Backtrace:0x11da801 0x11d9bde 0x11d9ccf 0x3b8000f710 0xaa7241 0xd4cccc 0xd4d69d 0xd4f81e 0xc12931 0xa37c44 0xa2295a 0xa241b7 0xa26269 0xd549f7 0xb9c972 0xb9ef52 0x76f2bf 0x1190afb 0x3b800079d1 0x3b7fce8b6d 
 /usr/bin/mongod(_ZN5mongo15printStackTraceERSo+0x21) [0x11da801]
 /usr/bin/mongod() [0x11d9bde]
 /usr/bin/mongod() [0x11d9ccf]
 /lib64/libpthread.so.0() [0x3b8000f710]
 /usr/bin/mongod(_ZN5mongo18KeepMutationsStage4workEPm+0xc1) [0xaa7241]
 /usr/bin/mongod(_ZN5mongo15MultiPlanRunner12workAllPlansEPNS_7BSONObjEm+0x13c) [0xd4cccc]
 /usr/bin/mongod(_ZN5mongo15MultiPlanRunner12pickBestPlanEPmPNS_7BSONObjE+0xed) [0xd4d69d]
 /usr/bin/mongod(_ZN5mongo15MultiPlanRunner7getNextEPNS_7BSONObjEPNS_7DiskLocE+0x34e) [0xd4f81e]
 /usr/bin/mongod(_ZN5mongo8runCountERKSsRKNS_7BSONObjERSsRi+0xe11) [0xc12931]
 /usr/bin/mongod(_ZN5mongo8CmdCount3runERKSsRNS_7BSONObjEiRSsRNS_14BSONObjBuilderEb+0x114) [0xa37c44]
 /usr/bin/mongod(_ZN5mongo12_execCommandEPNS_7CommandERKSsRNS_7BSONObjEiRSsRNS_14BSONObjBuilderEb+0x3a) [0xa2295a]
 /usr/bin/mongod(_ZN5mongo7Command11execCommandEPS0_RNS_6ClientEiPKcRNS_7BSONObjERNS_14BSONObjBuilderEb+0xe87) [0xa241b7]
 /usr/bin/mongod(_ZN5mongo12_runCommandsEPKcRNS_7BSONObjERNS_11_BufBuilderINS_16TrivialAllocatorEEERNS_14BSONObjBuilderEbi+0x6c9) [0xa26269]
 /usr/bin/mongod(_ZN5mongo11newRunQueryERNS_7MessageERNS_12QueryMessageERNS_5CurOpES1_+0x2307) [0xd549f7]
 /usr/bin/mongod() [0xb9c972]
 /usr/bin/mongod(_ZN5mongo16assembleResponseERNS_7MessageERNS_10DbResponseERKNS_11HostAndPortE+0x442) [0xb9ef52]
 /usr/bin/mongod(_ZN5mongo16MyMessageHandler7processERNS_7MessageEPNS_21AbstractMessagingPortEPNS_9LastErrorE+0x9f) [0x76f2bf]
 /usr/bin/mongod(_ZN5mongo17PortMessageServer17handleIncomingMsgEPv+0x4fb) [0x1190afb]
 /lib64/libpthread.so.0() [0x3b800079d1]
 /lib64/libc.so.6(clone+0x6d) [0x3b7fce8b6d]
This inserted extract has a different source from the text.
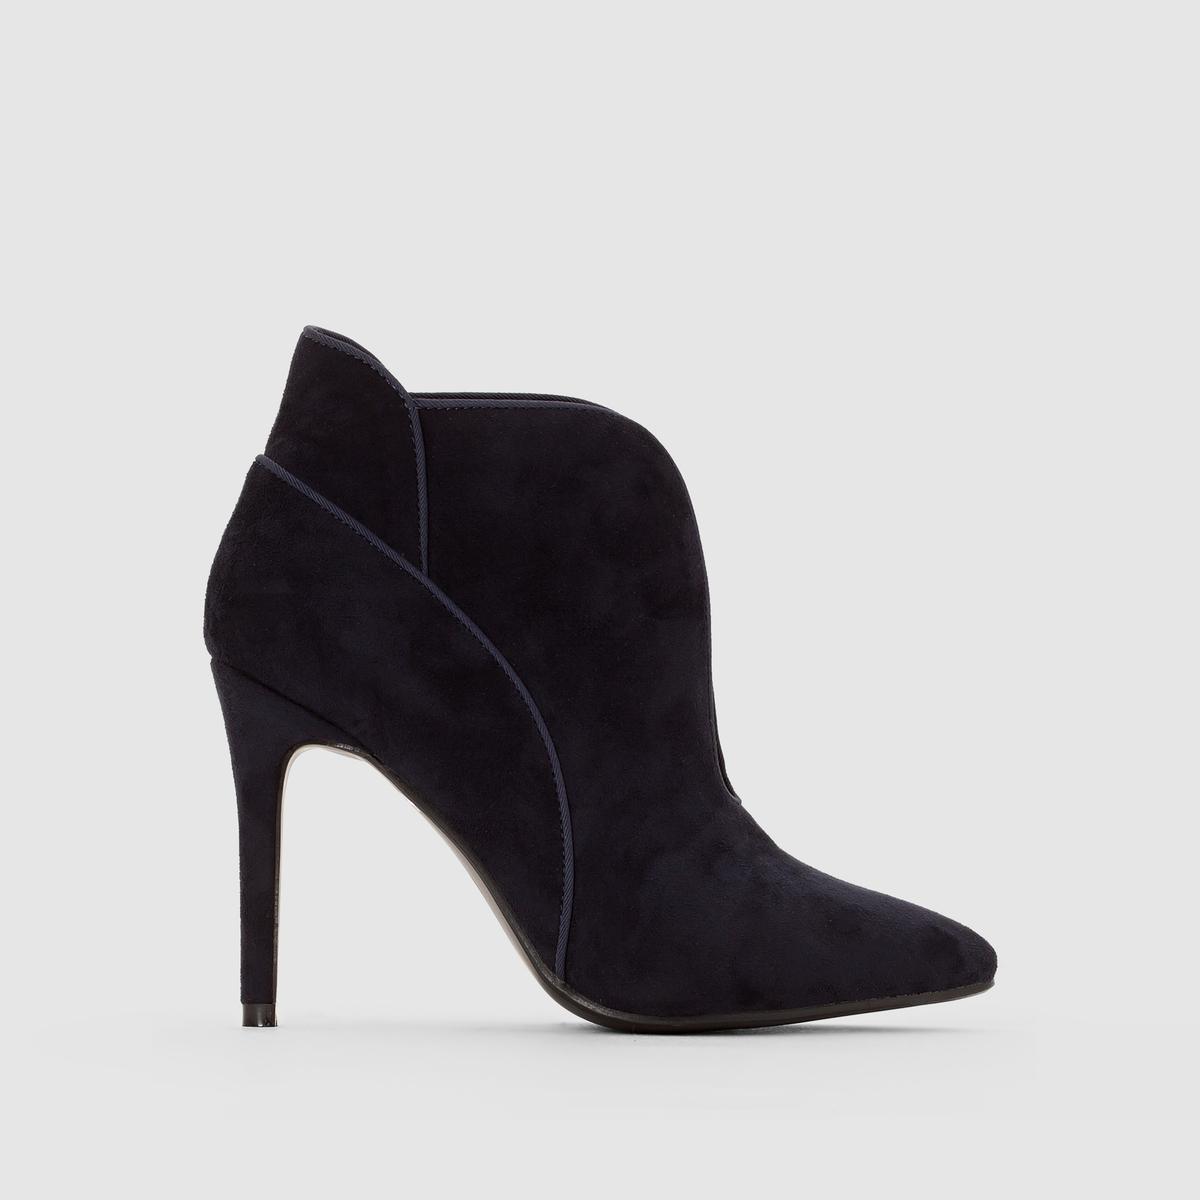 БотильоныПреимущества:   : очень стильные ботильоны на высоком каблуке-шпильке с замшевым эффектом, детальной отделкой и оригинальными отрезными деталями сверху .<br><br>Цвет: темно-синий,черный<br>Размер: 36

If we caused this somehow, any advice how to avoid it would be hugely useful



 Comments   
Comment by Ramon Fernandez Marina [ 05/Nov/14 ]

mike@meshfire.com, a 2.6.6 release is currently scheduled for December. Please tune in to mongodb-announce to receive the release announcement when 2.6.6 is published.

Comment by Michael Templeman [ 04/Nov/14 ]

Any timeline on release of 2.6.6? Hinting all of our potentially long-running queries. Our logs indicated that there may be a few long-running queries causing this problem.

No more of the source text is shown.